ポケモン世界に転生したので好き勝手に生きてみる 作:にわか党
《天才怪盗紳士現る!》
《厳重な警備とシステムを華麗にすり抜け、プリズムタワーよりライトストーンを盗む》
《盗まれたライトストーンは翌日には返却、指名手配のポケモンハンター10人と共に》
《賛否両論分かれる彼にファンが擁護を込めて名付けた名はその姿とかけて「怪盗ホワイト」》
《熱烈な女性ファン急増中》
「すごい賑わいですねー」
『流石、我ガ主デス』
清々しい朝日を浴びてネットニュースの記事を読みながらガンタ特製のパンケーキを頬張る。
昨日はライトストーン入手の後でポケモンハンターをガンタと捕まえに行った為、今日は少し遅めの朝食。
ちなみにヒマナッツに言ったご褒美は俺が作ったポフィンです。
皆、美味しそうに食べてくれました。
ああ、あとポケモンハンターを贈ったのは免罪符ではなく、単純にあれがいる為に俺が遭遇するポケモンが減ったら腹立つってだけですよ。
「ヒマー」
「キルル」
「ガゥ?」
そして、ポケモン達はと言えば皆揃ってライトストーンの周りを囲んで不思議そうに見ている。
ネットニュースでは警察に返却されて来た事になっているんですけど、実は返してなんかいません。
返したのはガンタが精巧に作った真っ赤な偽物。
ガンタ曰く、レシラムを操る力以外はミクロ単位の傷まで同じに作った模造品で偽物とバレる事はありえないらしいです。
流石なのはあなたですから。
「さて、これは仕舞いに行かないとですね」
パンケーキを食べ終えて立ち上がり、ポケモン達に囲まれたライトストーンを持ち上げた。
「ヒマ?」
「何処に持っていくのか気になるんですね。地下に宝玉の安置場所があるらしいですよ」
昨日、ガンタに聞いた事をヒマナッツに教え、頭に乗るチルットとキルリアも伴って地下へと向かう。
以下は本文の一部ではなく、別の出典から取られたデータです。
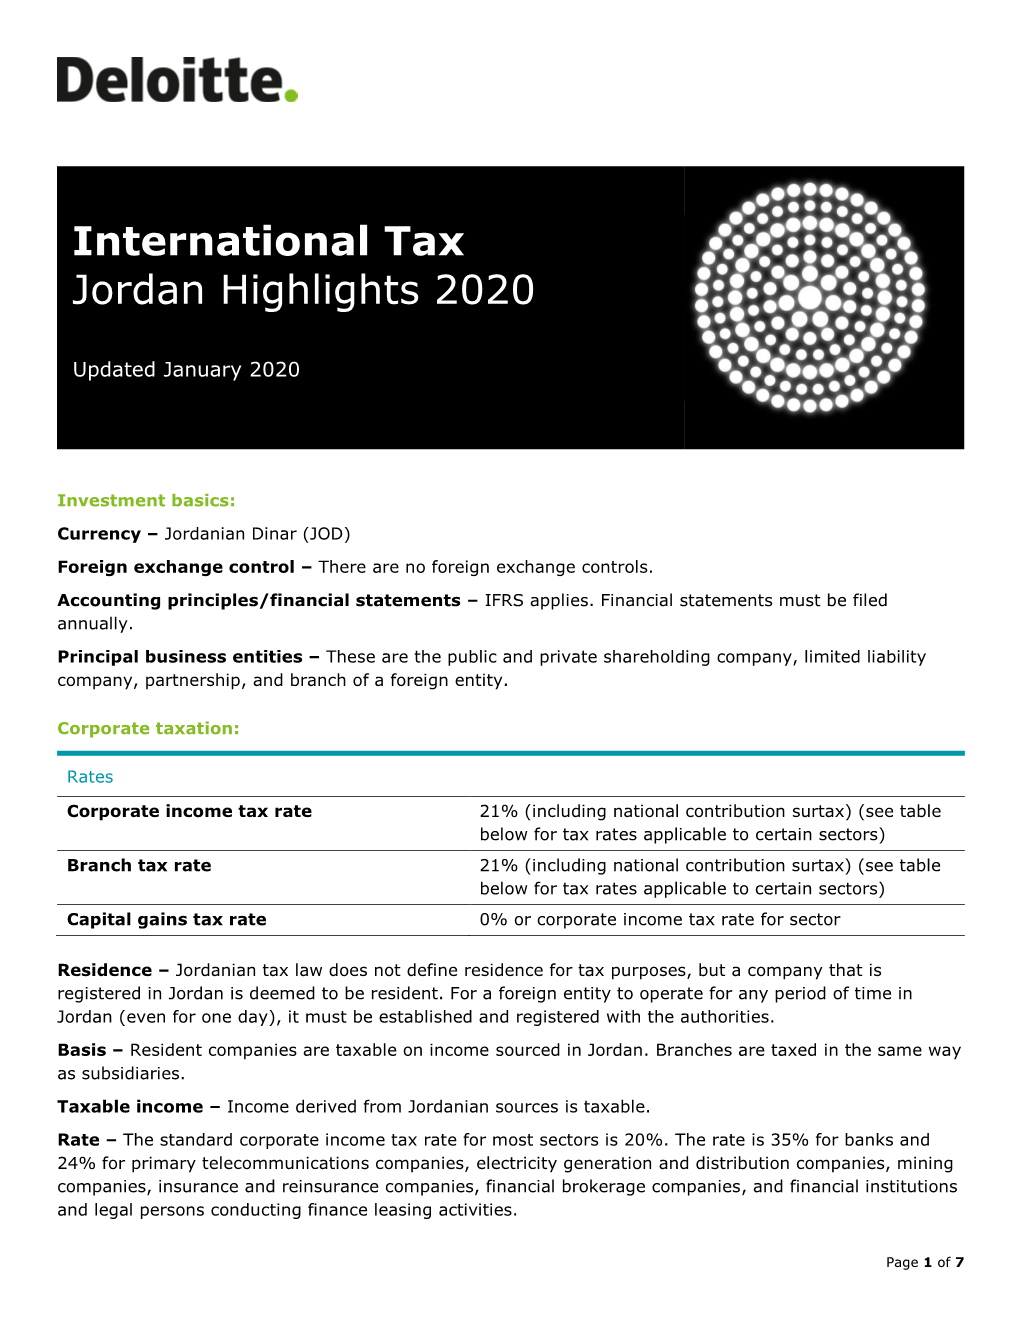 International Tax Jordan Highlights 2020

他の子達は泳いだり寝たり、バトルマニア組はバトっていたりで裏庭にいるようです。
ガンタの案内で地下へとエレベーターで向かう俺達。
他の施設よりも安置場所は更に下の最下層にあるらしいんですよ。
『此方デス』
静かなキャタピラーの後に続くと、そこは弱い光で照らされた神殿でした。
最奥部には像が囲む丸い部屋。
像は、グラードン、カイオーガ、レックウザ、パルキア、ディアルガ、ゼクロム、レシラム、何故か中央に神様。
ここ作ったのはあんたですか。
天使様にはバレたくないって言ってましたしね。
『ライトストーン、ヲ、レシラム、ノ、像ニ』
「はいはーい」
持っていたライトストーンをレシラムの像に近付けると浮かび上がり、像の頭上に浮遊したまま止まった。
何ですか、その無駄に格好良いギミック。
そう思っていると直後に何処からか鐘の音が鳴り響いた。
『シロー君! 僕は信じていたよ、君が宝玉を集めてくれると! 感謝の印にご褒美として支給されるモンスターボールの種類を増やしちゃいまーす! 今後も宝玉を集めてくれる度にご褒美があるから宜しくねー!』
嬉しい誤算きました、これ。
ご褒美あるなら速攻やってましたよ。
うし、次の宝玉集めのモチベーション上がります。
「では、上に戻りましょうか」
「ヒッマ!」
「キルキル」
「チルルー」
意気揚々とエレベーターで地上へ上がる。
裏庭へと出るとバトルの音が聞こえてくると思ったら妙に静かでした。
何かあったんですかね?
異変はバトルをしていたスコルピ達の所みたいです。
バトルをしていたのはスコルピ、ダンバル、タテトプス、コリンク、ガーディ。
その中のコリンクの姿が光り出しています。
あれは進化の光ですな。
「ルクッ!」
コリンクはルクシオに進化した。
お約束のポケモン図鑑タイム。
『ルクシオ』
性別:♂
特性:いかく
技:スパーク、たいあたり、スピードスター、かみつく
新しくかみつくも覚えていますな。
「ルック!」
進化して体が大きくなり、頭部に黒い毛並みが追加されたルクシオが走ってきた。
星のようにも見える尻尾の先端が左右にせわしなく動いて、得意げな表情で「褒めて」という感情が伝わってきます。
「よく頑張りましたね。おめでとう御座います」
屈んでヒマナッツを抱える手とは反対の手でルクシオの頭を撫でます。
「ルクゥ」
気持ちよさそうに鳴くルクシオにノックアウトされましたわ。
むしろ俺にとってのご褒美でした。
「ヒマ!」
「キルキル」
ヒマナッツとキルリアも一緒にルクシオを撫でて褒めてあげています。
優し可愛いですな。
他の皆からも祝福を受けるルクシオは少し照れ臭そうです。
「コル、コル!」
「ダンバルッ!」
「テプー!」
進化した事で更に強くなったルクシオにスコルピ、ダンバル、タテトプスは早速バトルを申し込んでいます。
「ルック!」
ルクシオはそれに受けて立つようですな。
進化して以前より好戦的になっているんですかね。
元気なのは良い事です。
それからルクシオはスコルピ、ダンバル、タテトプスの順にバトルをしました。
コリンクの時と比べてスピードが上がったようで相手を翻弄しながらのバトルスタイルはなかなかですな。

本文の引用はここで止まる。